Veo 3 Character Consistency Demo

This application demonstrates a workflow for generating a video of a person in a new scene while maintaining character consistency. It uses a series of Google AI models to analyze input images, generate a new scene with the person, and then create a video from that scene.

How it Works

The application follows a multi-step process to generate the final video:

Image Analysis: The workflow begins by analyzing a directory of input images of a person.

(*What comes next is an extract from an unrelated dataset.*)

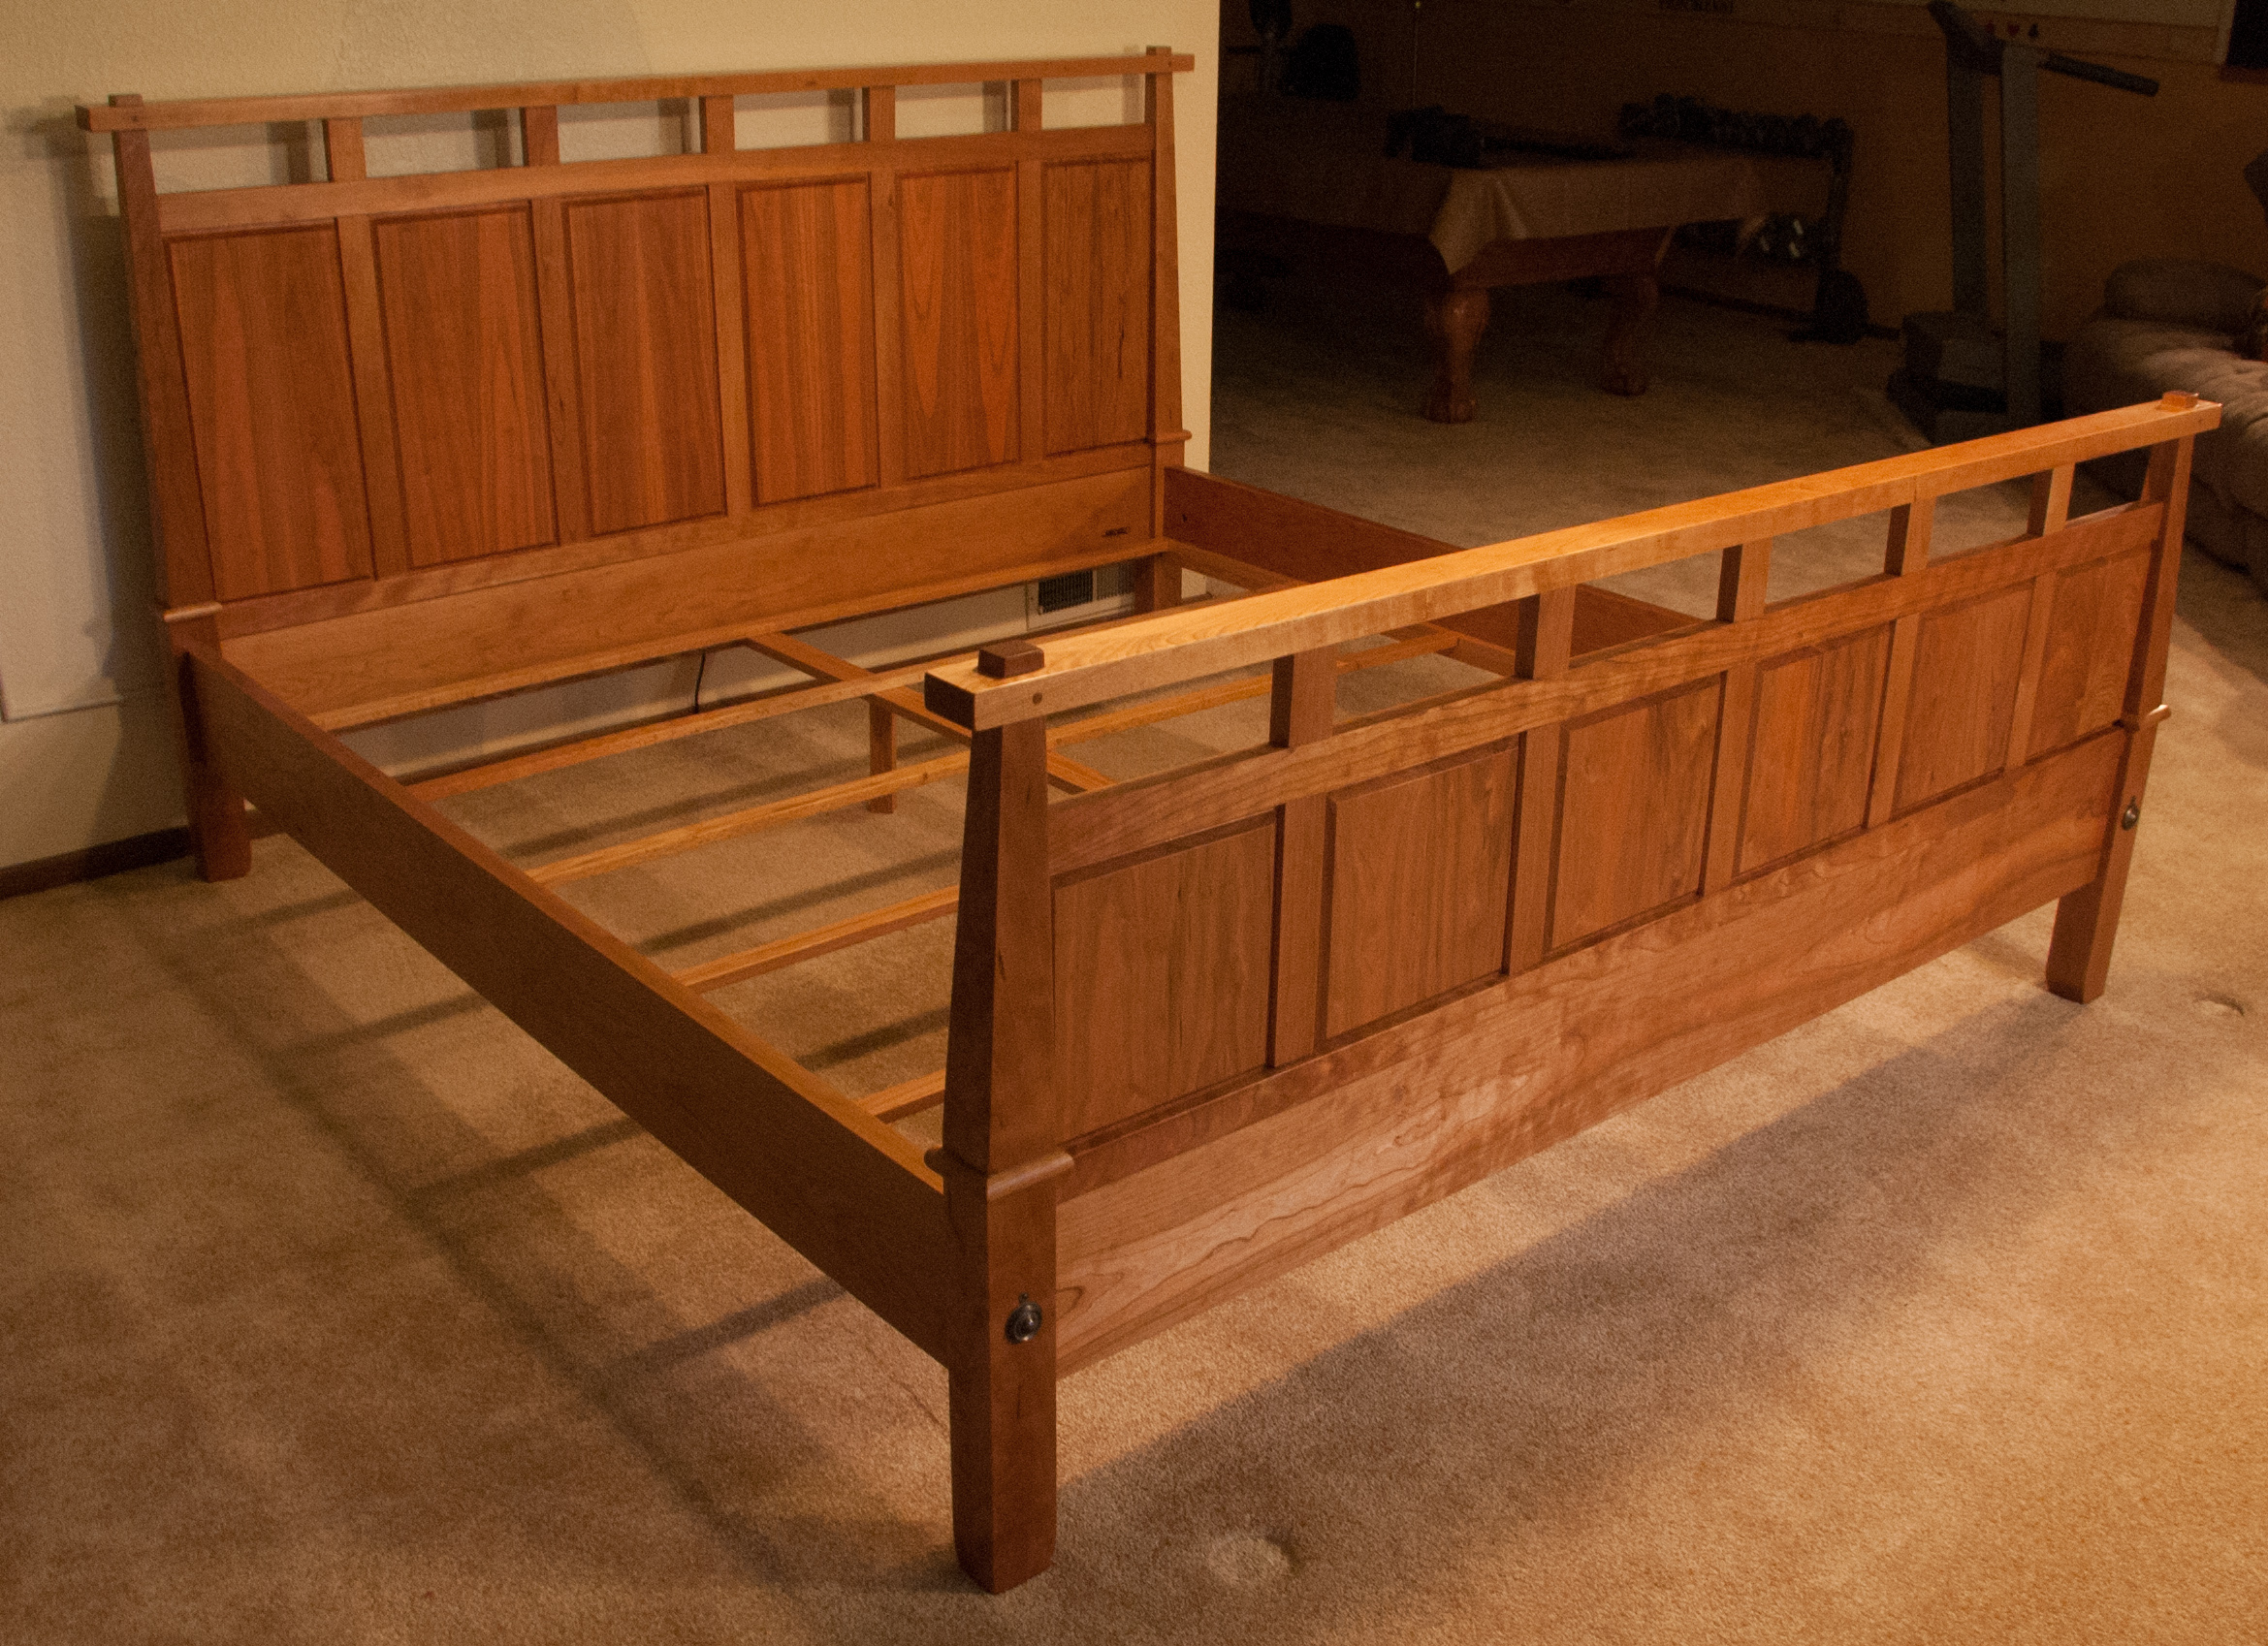 A Frame and Panel King Bed for 2013 | Patrick A. McKinley ...
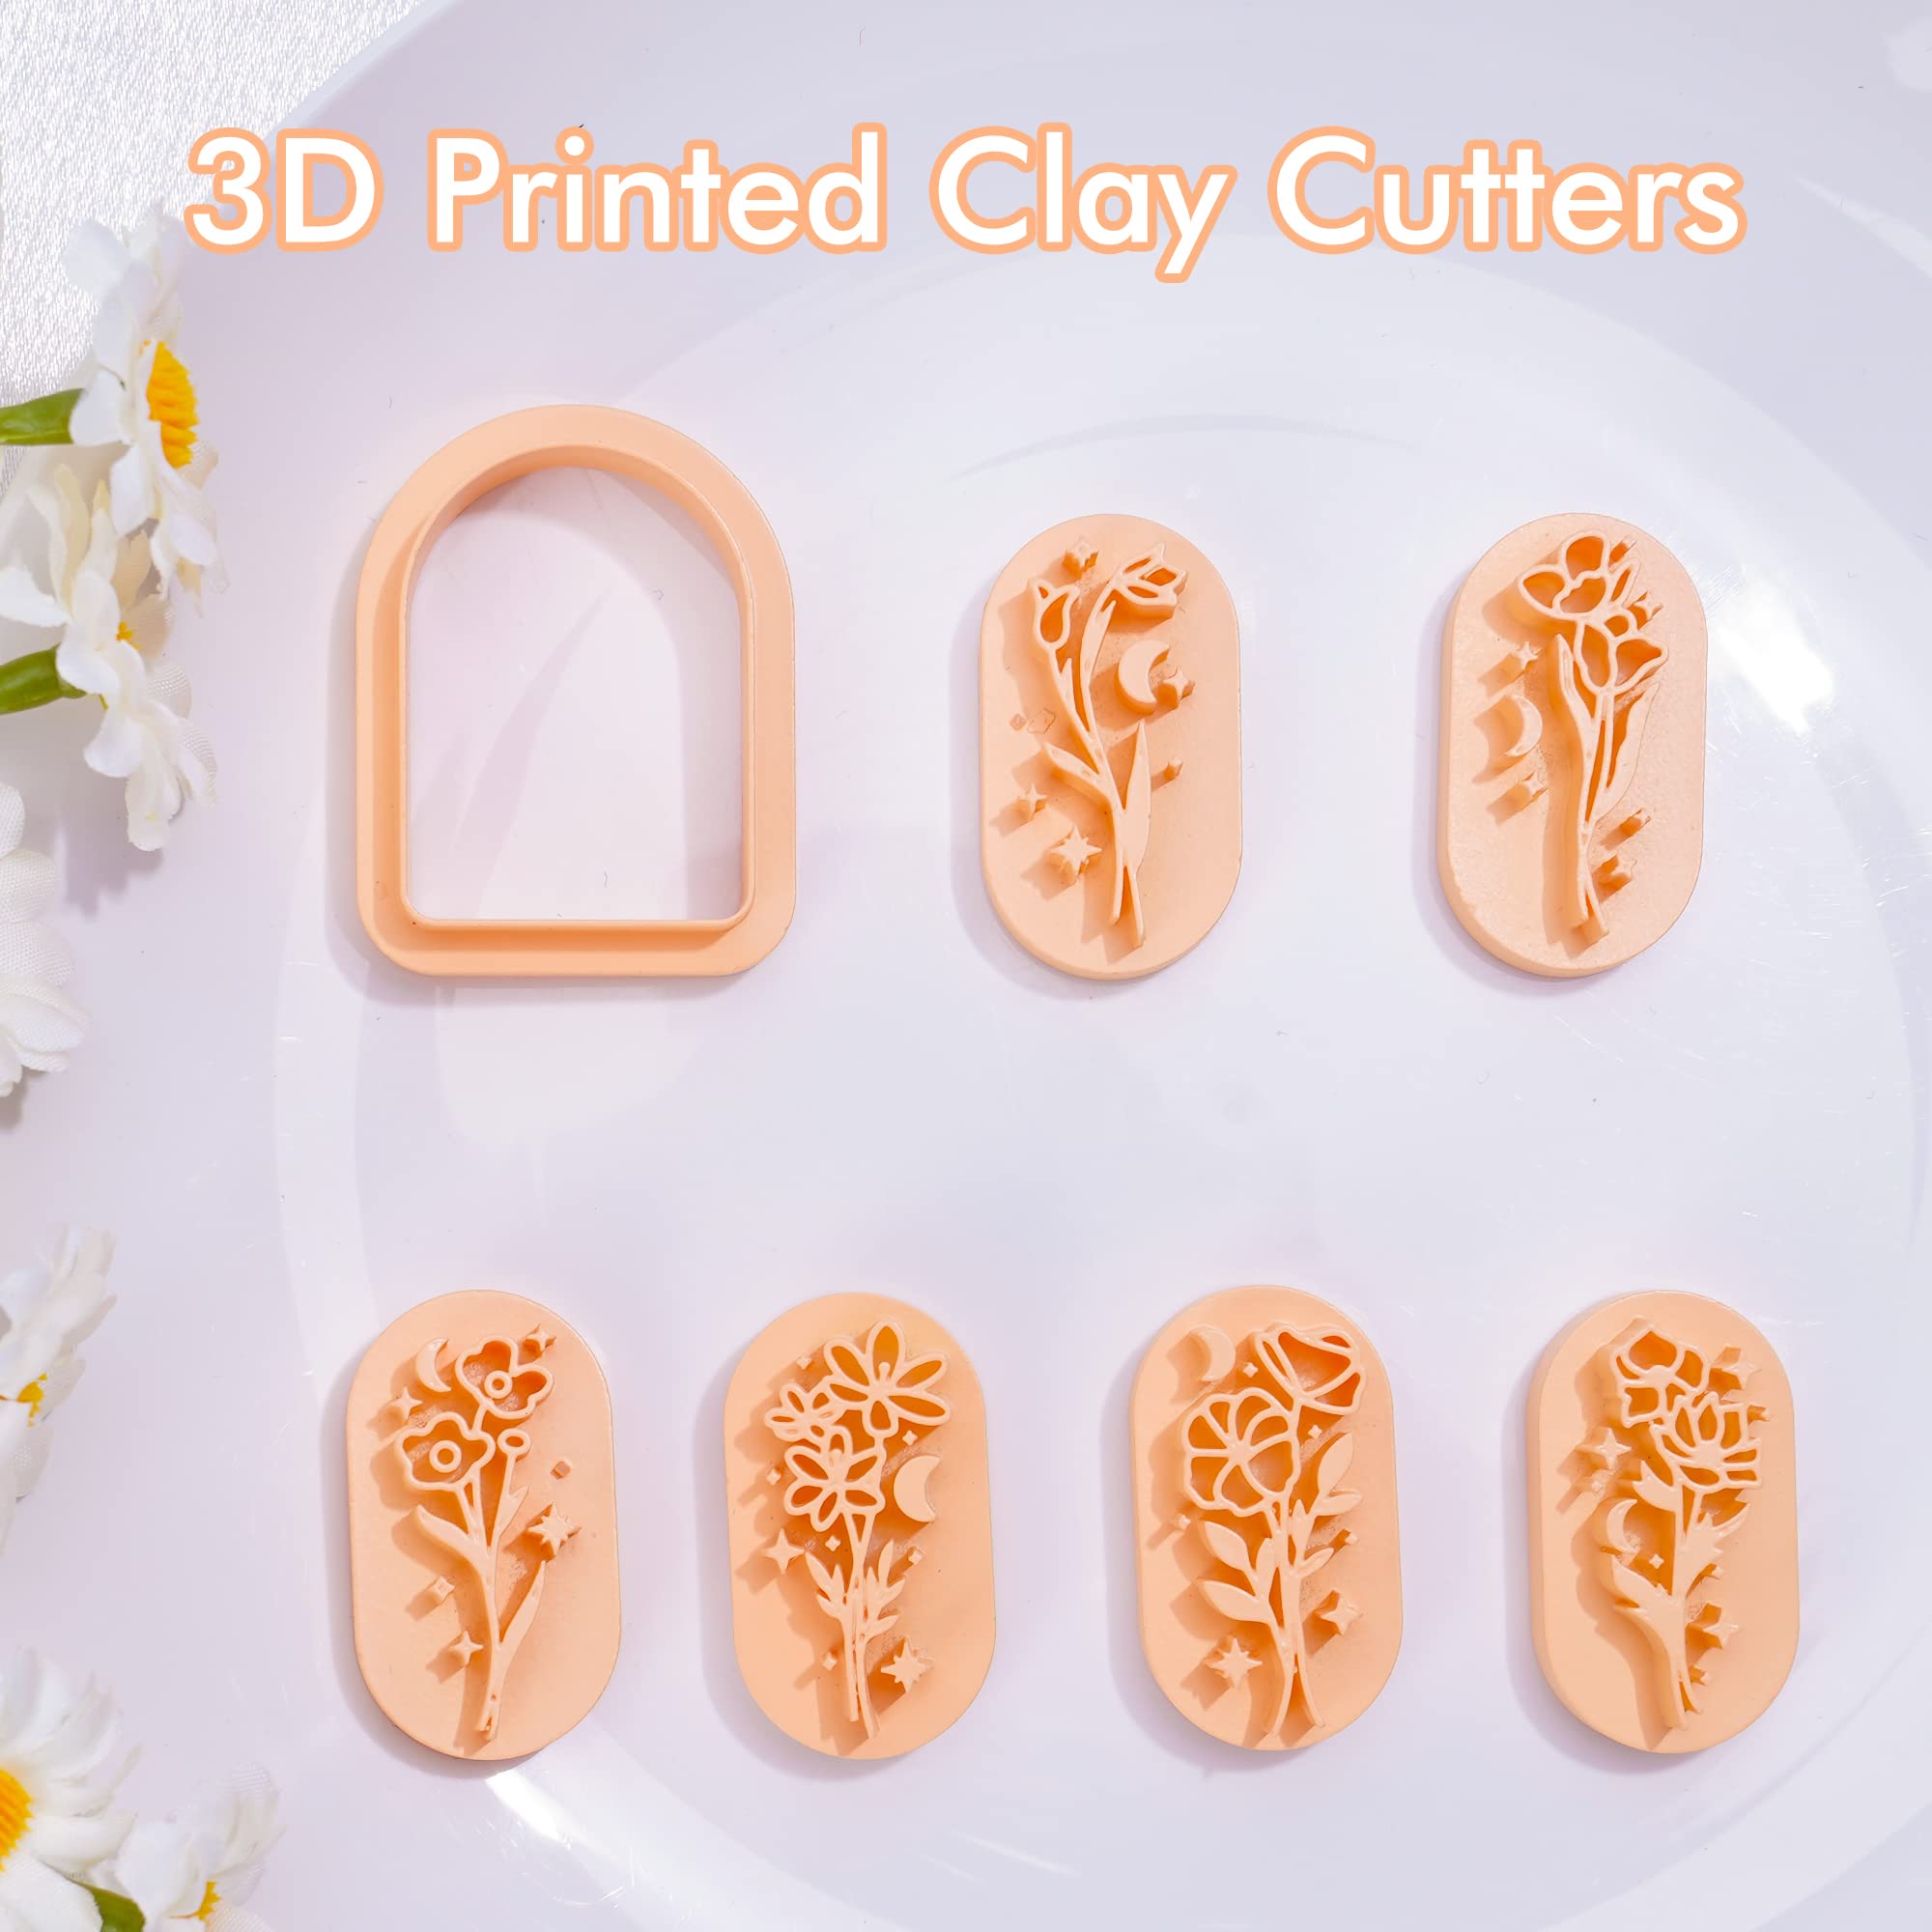 Puocaon Starry Flower Clay Cutters 6 Shapes Bouquet Stamps

It uses a multimodal model to generate a detailed facial profile and a natural language description for each image.
Image Generation: The generated descriptions and a user-provided scene prompt are used to create a detailed prompt for Imagen. Imagen then generates a set of new images of the person in the desired scene.
Image Selection & Outpainting: The application selects the best image from the generated set by comparing them to the original input images to ensure character likeness. This “best” image is then outpainted to create a wider scene, which is more suitable for video generation.
Video Generation: The outpainted image is used as a reference for Veo. A video prompt is generated using a multimodal model, and then Veo creates an 8-second video based on the outpainted image and the new video prompt.

Models Used

This demo uses the following Google AI models:

Gemini 2.5 Pro: For image analysis, description generation, and video prompt generation.
Imagen: For generating the still images of the character in the new scene.
Veo: For generating the final video.

How to Run

Clone the repository:

git clone https://github.com/GoogleCloudPlatform/vertex-ai-creative-studio.git
cd vertex-ai-creative-studio/experiments/veo3-character-consistency

Set up the Python environment and install dependencies:

python3 -m venv .venv
source .venv/bin/activate
pip install -r requirements.txt

Configure your environment:
- Create a .env file by copying the .env.example file:
  Terminal window
```
cp .env.example .env
```
- Edit the .env file and add your Google Cloud project ID and the desired locations for the AI models.
Add your input images:
- Place your input images of the person in the input/ directory.
Run the application:
Terminal window
```
python main.py
```

Configuration

You can modify the following files to change the application’s behavior:

config.py: This file contains the configuration for the Google Cloud project, model names, and input/output directories.
main.py: You can change the SCENARIO variable in this file to define the scene you want to generate.